The U.S. Department of Labor has issued an opinion letter that clarifies the distinction between who is an employee and an independent contractor. However, the new guidance, which may make it easier for employers that utilize contract workers to avoid paying payroll taxes could be in conflict with state standards.
In the Department’s letter, the unidentified company - whose workers, it appears, clean residences - will not have to offer the federal minimum wage or overtime, or pay a share of Social Security taxes because the company “does not impose requirements on how its service providers must perform their work, such as what transportation route to take, the order in which to clean an apartment” or the type of tools and materials they must use.
The description suggested that it was referring to a company, like GrubHub, Handy, Uber, Lyft, Postmates, Thumbtack, YourMechanic or TaskRabbit, whose platforms allow customers to hire workers through an online interface.
Decisions about employment status typically hinge on several factors, including the extent to which the employer controls how the worker does his or her job, and how central the job the worker performs is to the company’s business.
In explaining its conclusion about the company in question, the Department cited the fact that workers had the freedom to choose when, where and how long they worked; the fact that they provided their own equipment; and the fact that the company did not have a mandatory training program.
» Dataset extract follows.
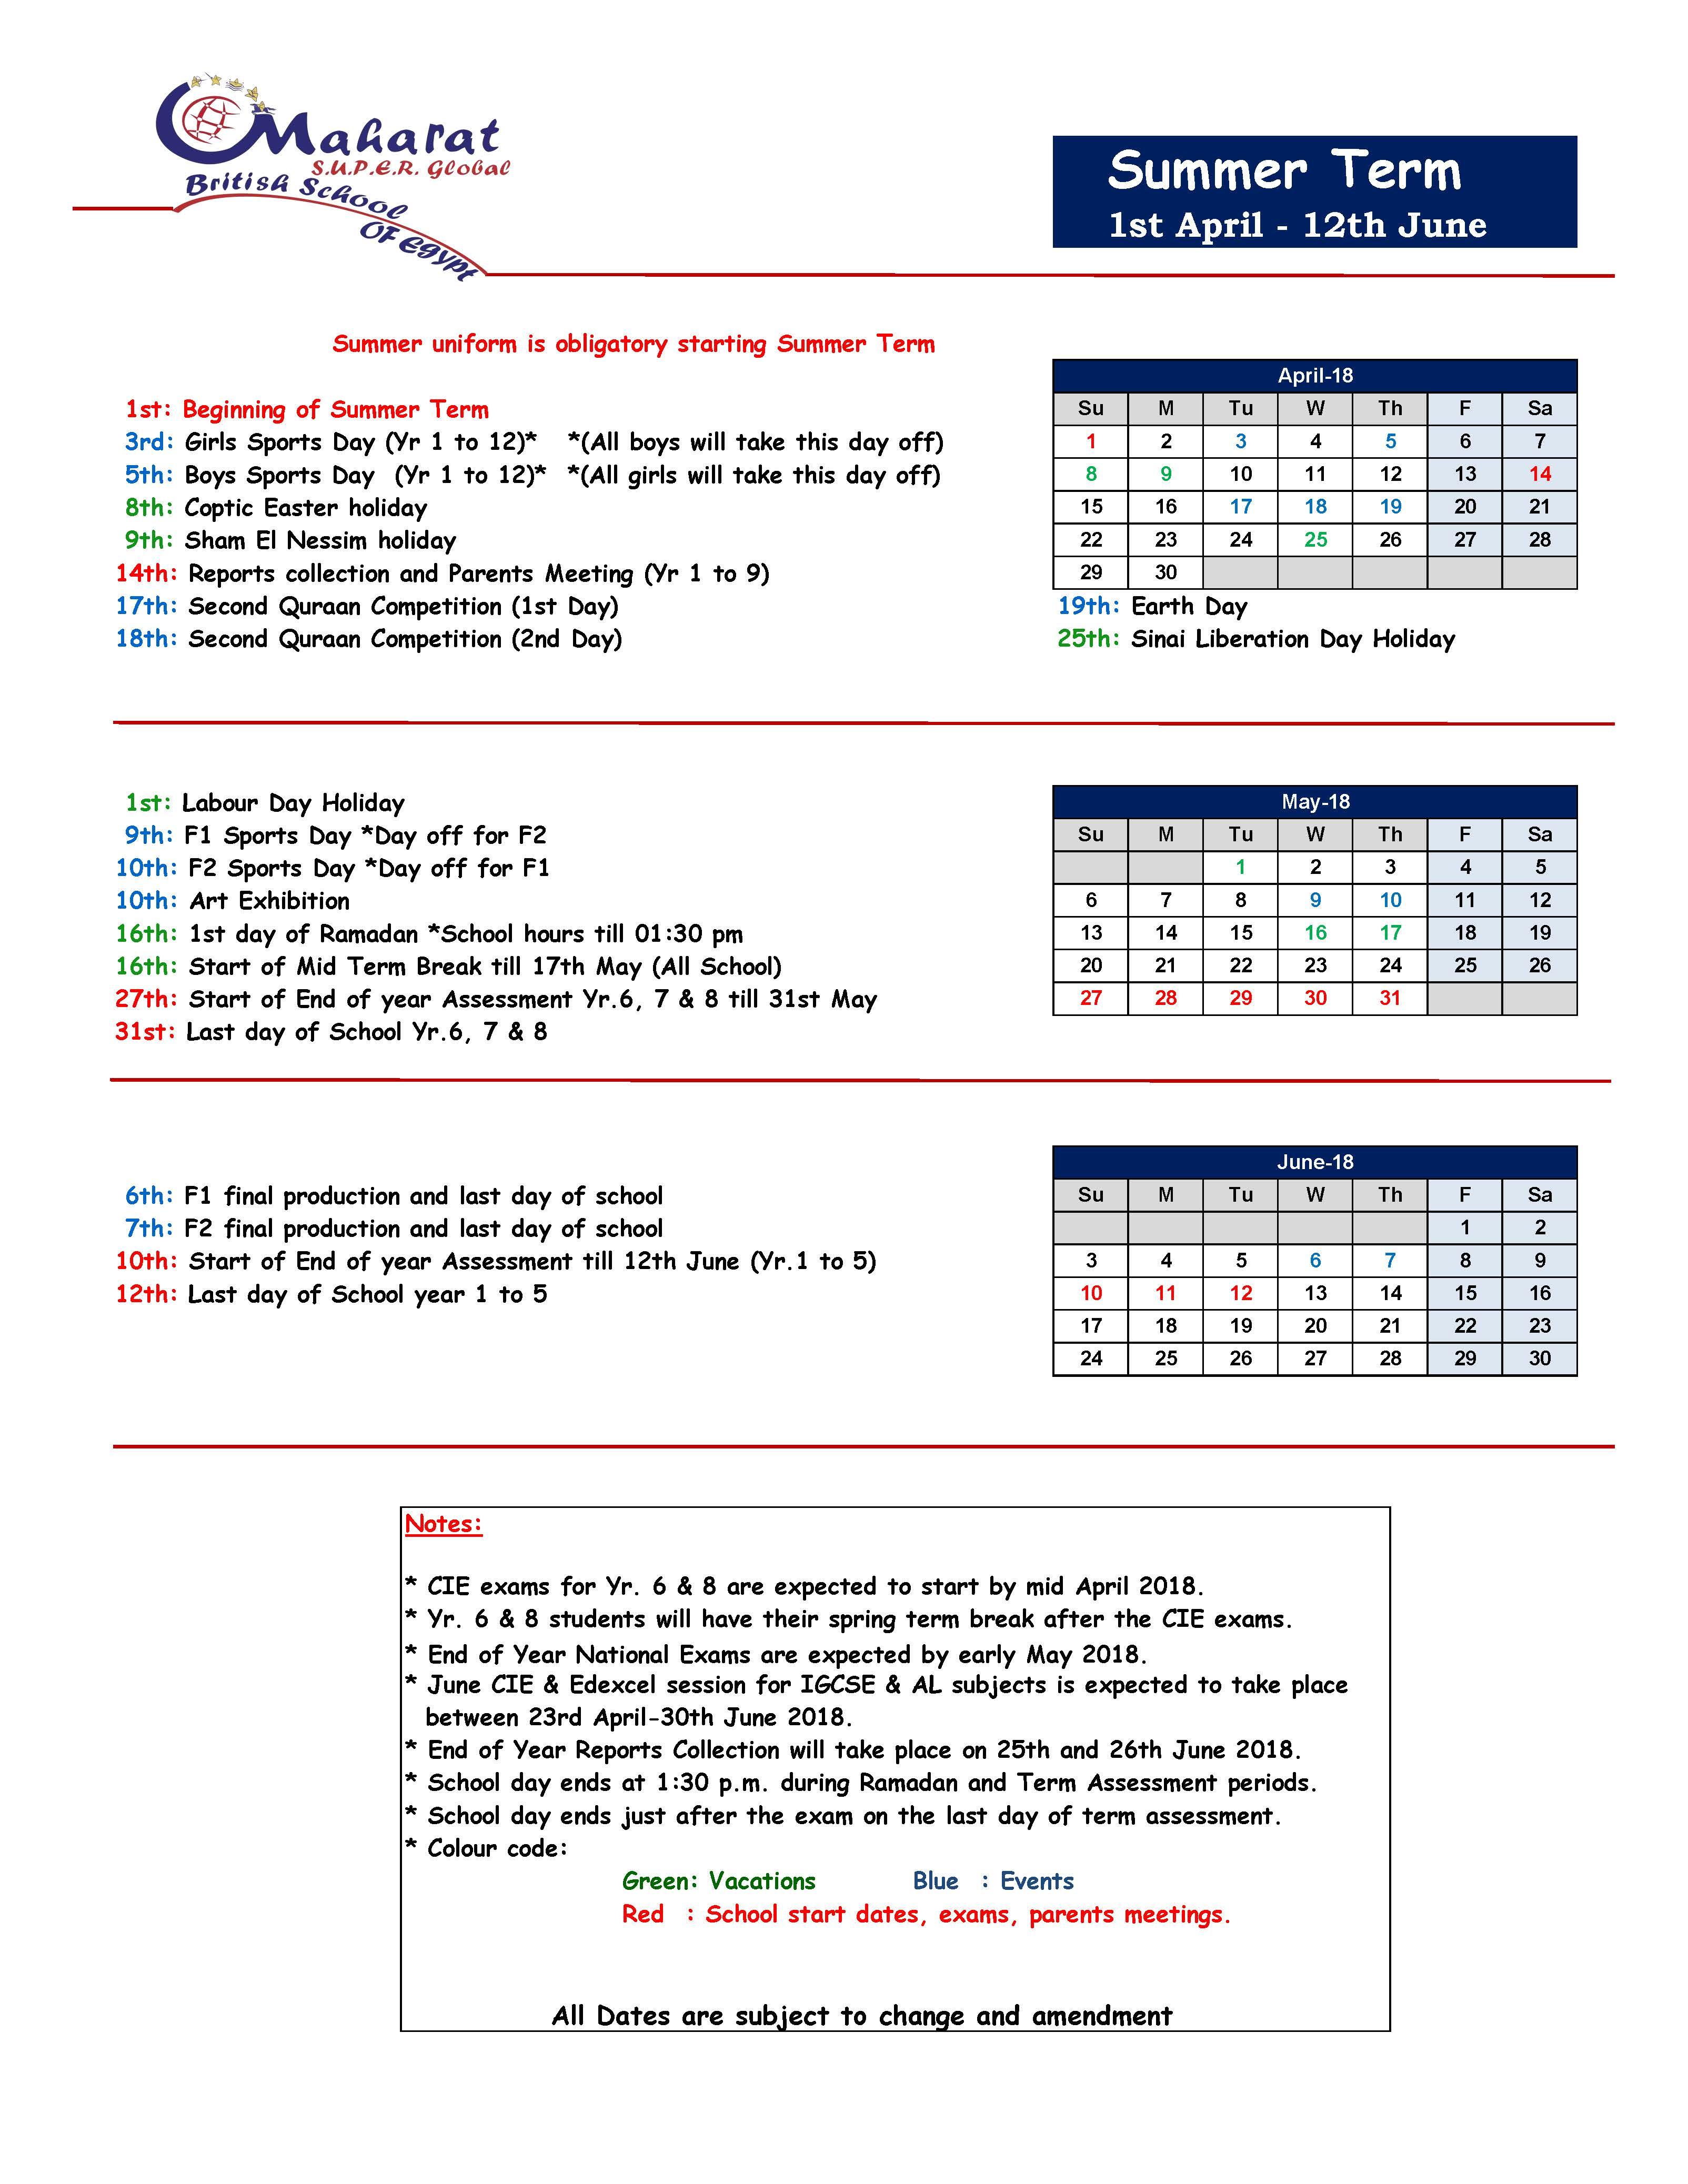 Msg Calendar.Calendar 2017 2018 Maharat Super Global
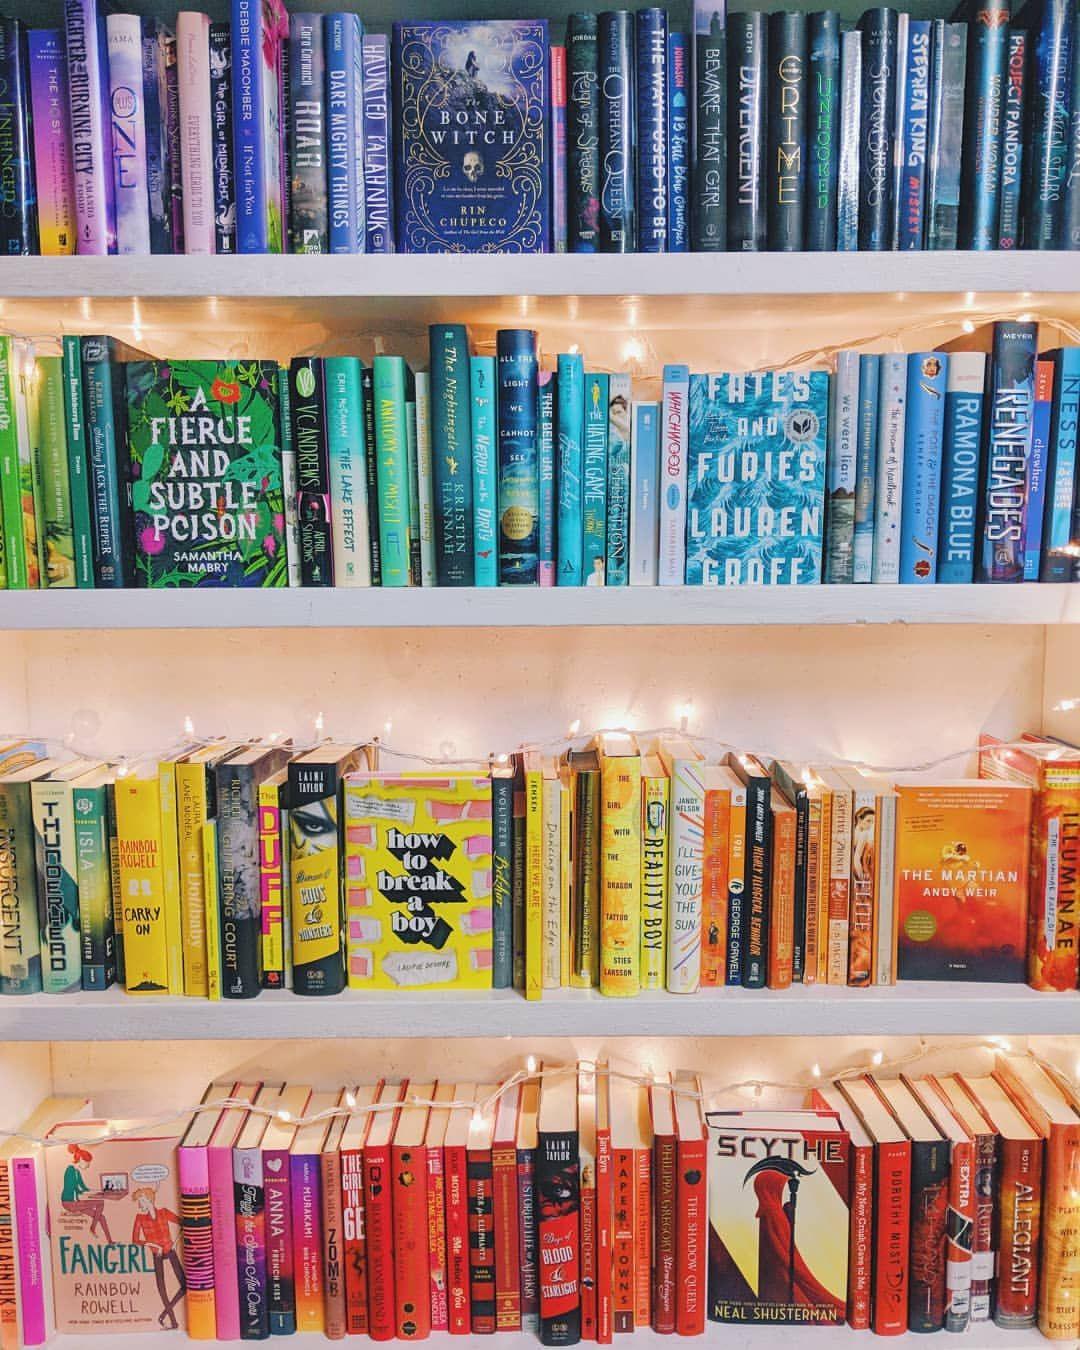 Pin by Daimpaul Fernandez on Dreams bedrooms in 2019   Books

The Department also said the workers were not an integral part of the company’s business because they “do not develop, maintain or otherwise operate” the platform that connects them with customers.
The guidance may encourage companies to reclassify employees as contractors, says John Sarno, president of the Employers Association of New Jersey.
“Any business that dispatches employees, such as plumbers or electricians or house cleaners, could deem them contractors by using a digital interface to coordinate the work and meeting a few other criteria” he says.
However, Sarno notes that standards in New Jersey pose stricter standards.
For example, on March 20th, the N.J. Department of Labor and Workforce Development sent a letter to the state’s accountants reminding that that in classifying workers for their business clients, the state uses the “ABC Test.”
According to the letter: “By misclassifying workers as independent contractors - workers who receive 1099s, not W-2s - employers avoid paying unemployment and disability taxes, costing state and federal taxpayers untold millions of dollars. In New Jersey alone, auditors have identified more than $80 million in underreported employer contributions since 2010.”
Under the ABC Test, a worker is an independent contractor if three factors are met:
- The worker is free from the control and direction of the hiring entity in connection with the performance of the work, both under the contract for the performance of the work and in fact.
- The worker performs work that is outside the usual course of the hiring entity's business.
- The worker is customarily engaged in an independently established trade, occupation, or business of the same nature as the work performed.
“Does the mere fact that a housecleaner, using her own cleaning supplies and car, is dispatched by a digital interface make her an independent contractor? Does the website transaction mean she is a gig worker? These are questions to be determined” says Sarno.